Nathan rings to say that he and Clemantine sadly won’t be able to join us as he has to fly to Africa mid week on an exciting new film on which he is the designer. It is part funded by the BFI, Film4 and Arteé France. Before this he has to interview people who will be on his team this week as well as get all the vaccinations. Although we are all disappointed, we are all very pleased for him as it is such an exciting project for which he read the script whilst he was in Thailand working on another job.

 

Saturday 20.8.16

Richard and Kev go to collect the hired vehicle whist I enjoy watching the boats gliding up and down the river, which is bright with the reflected sunlight.

It takes just over an hour to drive to the sixteenth century farmhouse with pool and tennis court near Ponte de Lima.

 

Monday 29.8.16

R sets out very early to take up the last smaller paintings for Chelsea Arts Club exhibition, the shippers having stored and delivered the large works on Friday whilst we were in Portugal. I am finishing a tiger that I started a few weeks ago, as there is someone coming who missed the Tiger at Gloucester.

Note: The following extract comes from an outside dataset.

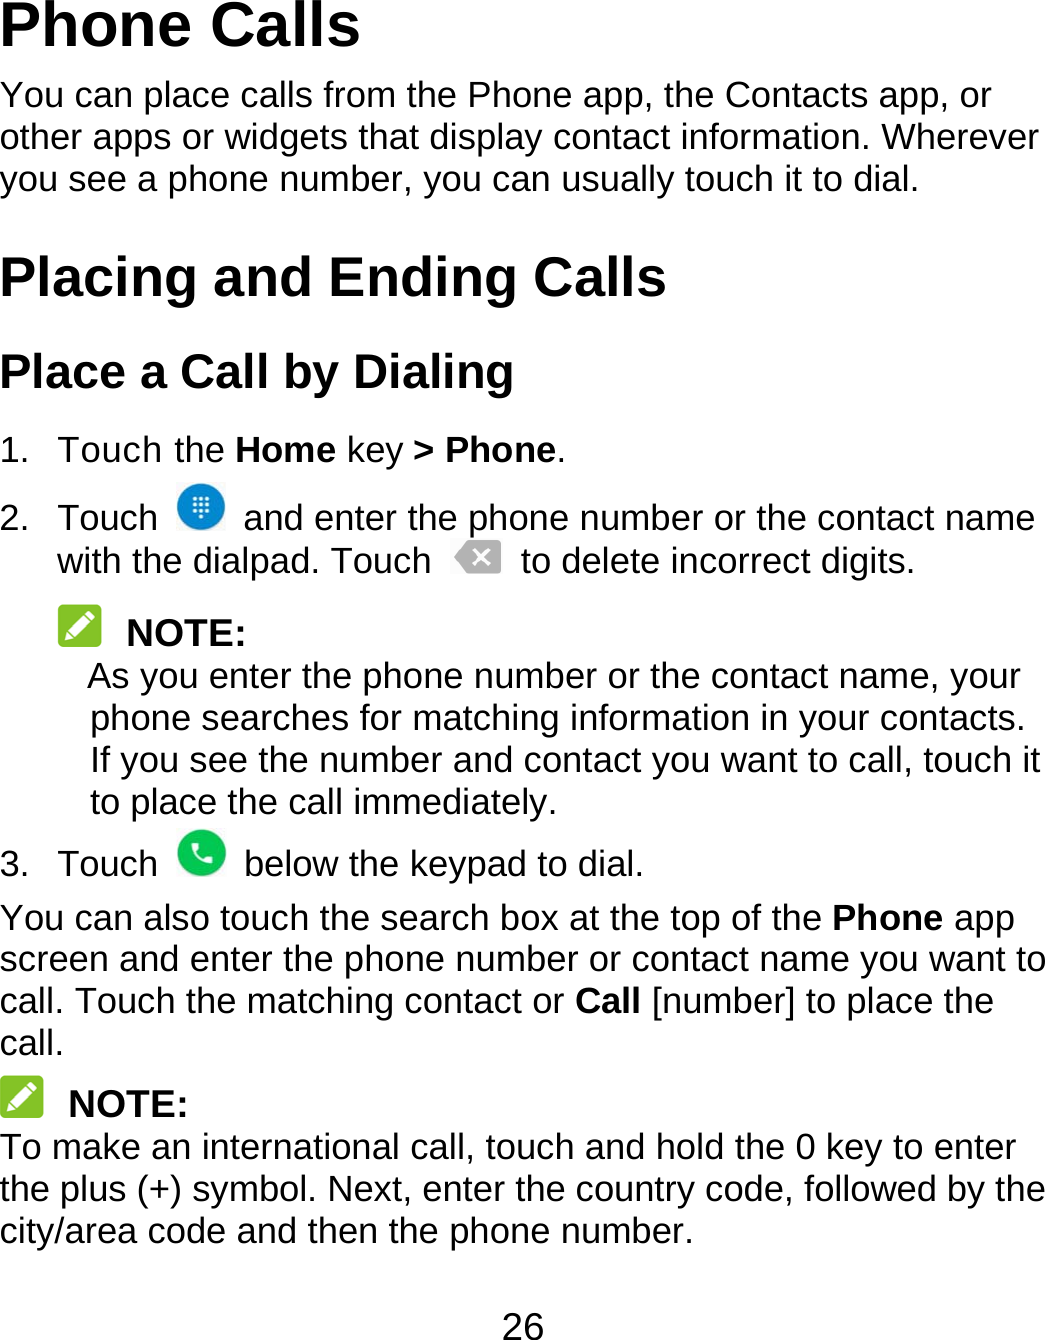 26 Phone Calls You can place calls from the Phone app, the Contacts app, or other apps or widgets that display contact information. Wherever you see a phone number, you can usually touch it to dial. Placing and Ending Calls Place a Call by Dialing 1. Touch the Home key &gt; Phone. 2. Touch    and enter the phone number or the contact name with the dialpad. Touch    to delete incorrect digits.  NOTE: As you enter the phone number or the contact name, your phone searches for matching information in your contacts. If you see the number and contact you want to call, touch it to place the call immediately. 3. Touch    below the keypad to dial. You can also touch the search box at the top of the Phone app screen and enter the phone number or contact name you want to call. Touch the matching contact or Call [number] to place the call.  NOTE: To make an international call, touch and hold the 0 key to enter the plus (+) symbol. Next, enter the country code, followed by the city/area code and then the phone number.

He arrives back early evening

 

  We set out early afternoon for London, arriving at the Club about 6 where various of the staff introduce themselves and say very encouraging things about the work and the way it looks. Richard and the technicians (Charlie and George) have hung it beautifully. I’,m introduced to Stephen Bartley the Hon Archivist who has hung the display cabinet in the corridor at very short notice for the Club, a rather wonderful drawing of a tank by Sir Muirhead Bone (1876-1953); the first Official War Artist appointed during WW1. Sent out to the Somme in August 1916, Bone produced some 150 drawings in 3 months, of which ‘Tanks’ is the most famous.

Sir Alexander Fleming (1881-1951); famous for his accidental discover of penicillin in 1928, Fleming was made an Honorary Member of the Club in 1922 by his friend Ronald Gray whose parents were his landlords in Chelsea.

James Wedgwood (c. 1900-1974); a well known sculptor who was a long-standing member of the Artist Worker’s Guild, and the Royal Society of British Sculptors. The woodcarving on display is ‘Victory’ (c. 1945) which was a model for a projected monument the mark the end of the Second World War.